• _Assigned task_:
Return the full listing unchanged, excluding any images it contains.

• _Source material_:

────────────────

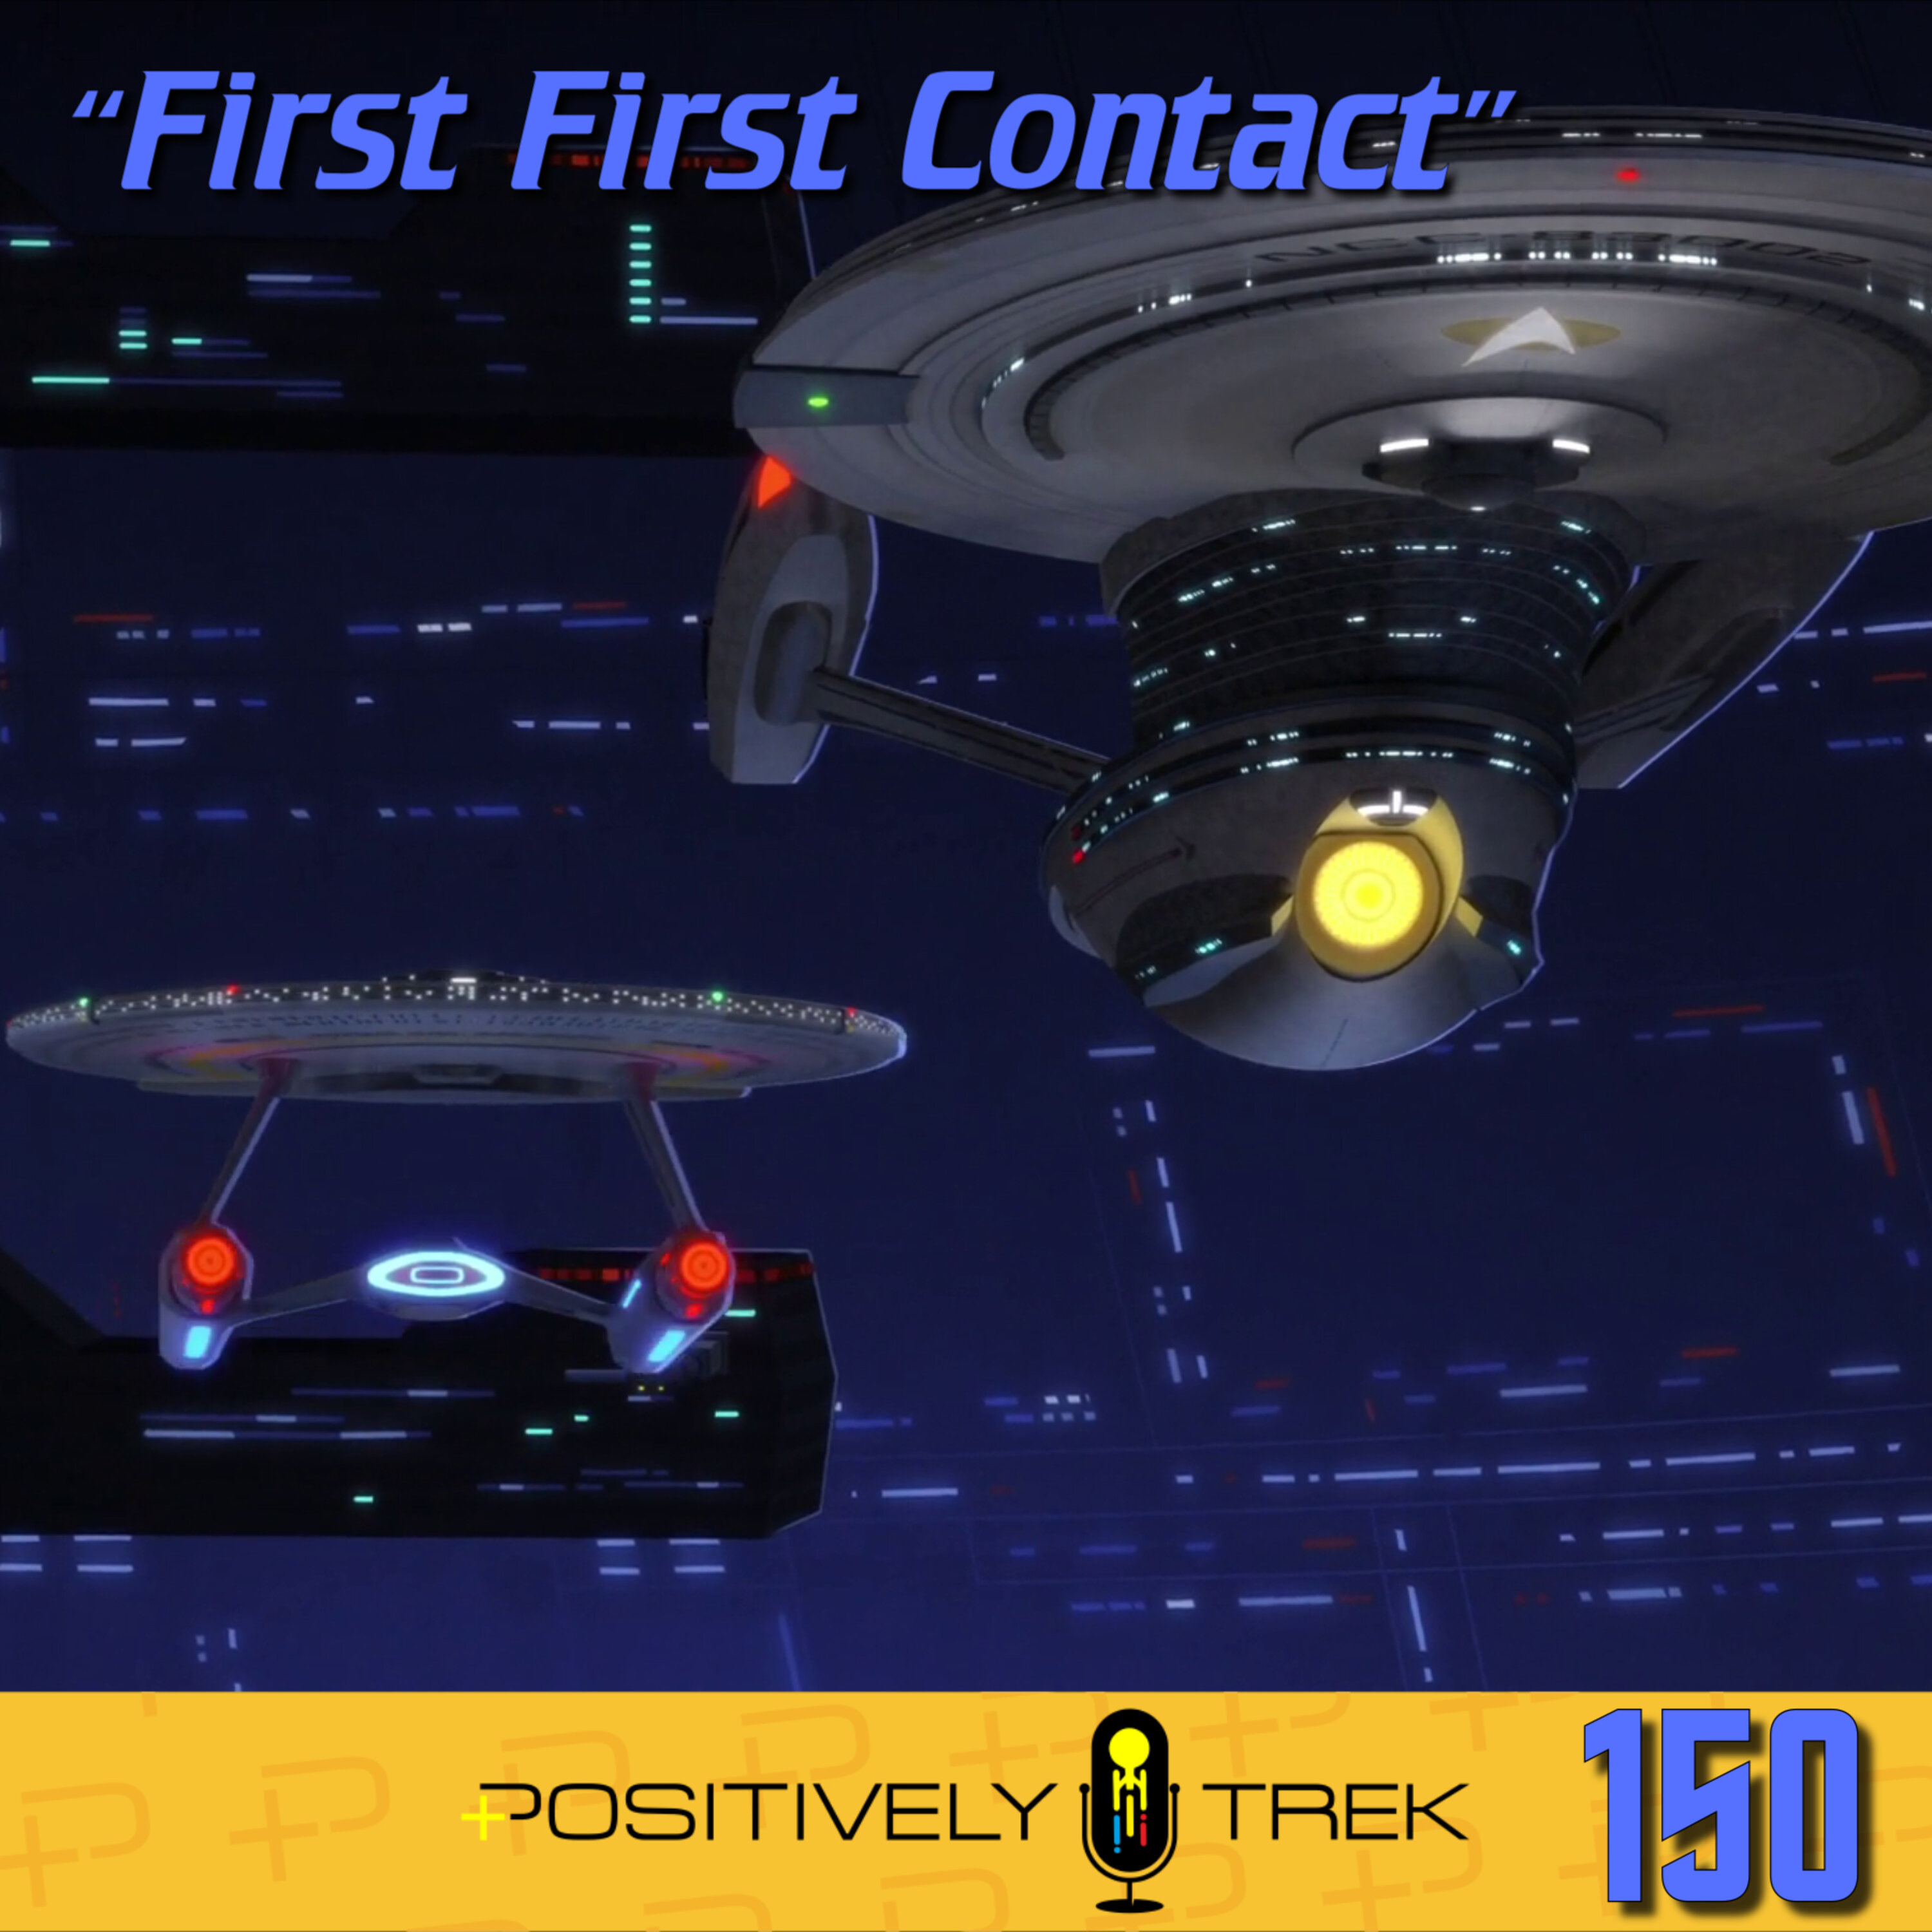 Lower Decks Review: “First First Contact” (Season 2 Finale!) Image
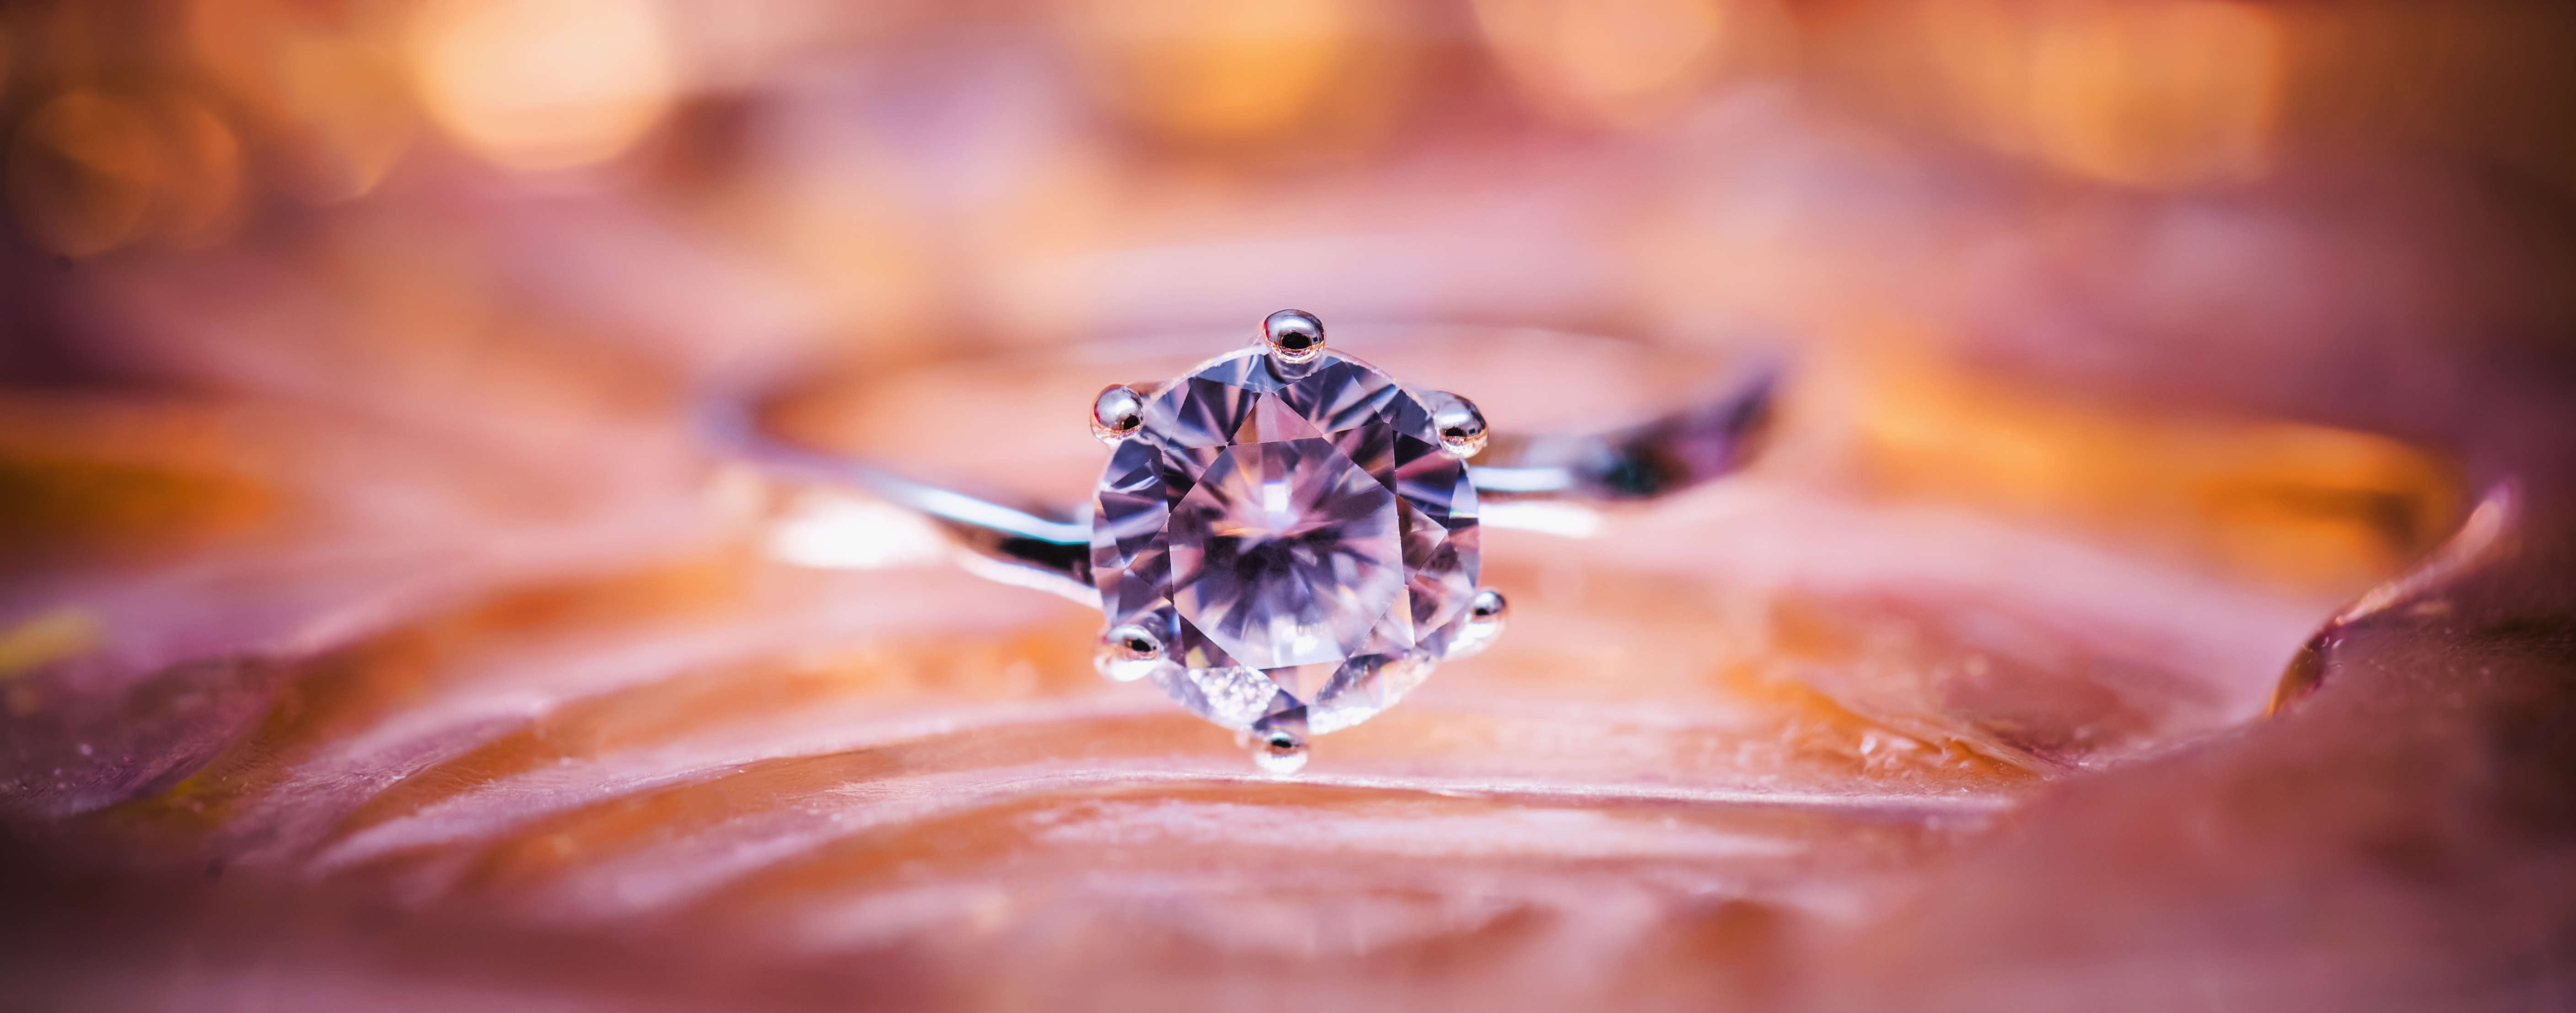 How to Clean Your Diamond Ring: From Soap to Vodka, Jewelry
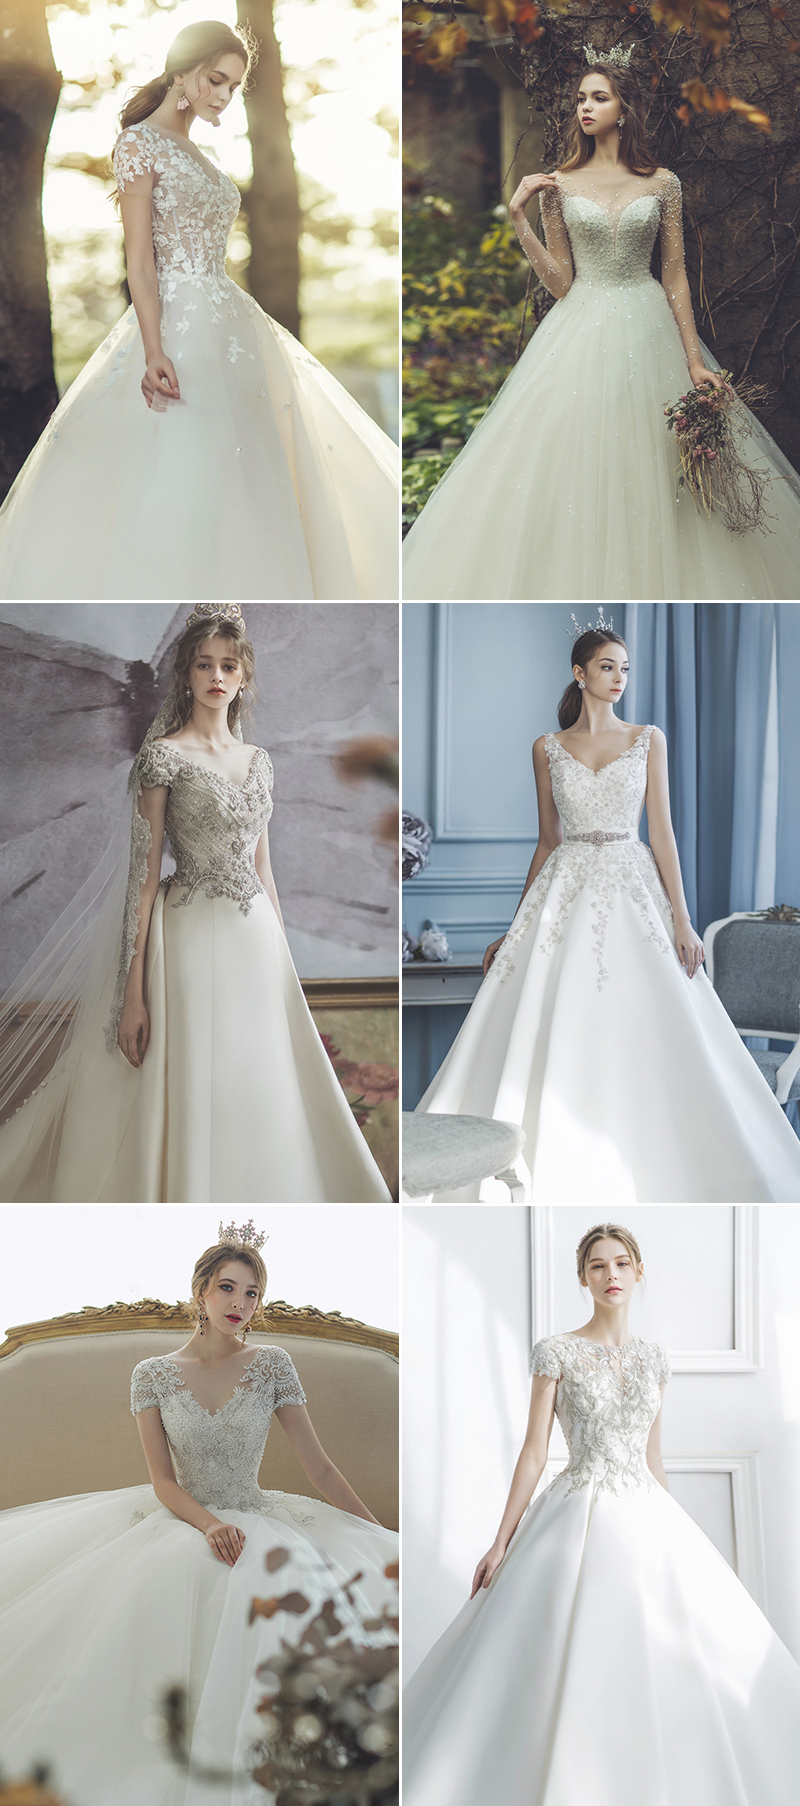 30 Wedding Dresses Featuring a Contemporary Take on Princess Ball

────────────────

• _Exercise result_:
 Lower Decks Review: “First First Contact” (Season 2 Finale!) Image
 How to Clean Your Diamond Ring: From Soap to Vodka, Jewelry
 30 Wedding Dresses Featuring a Contemporary Take on Princess Ball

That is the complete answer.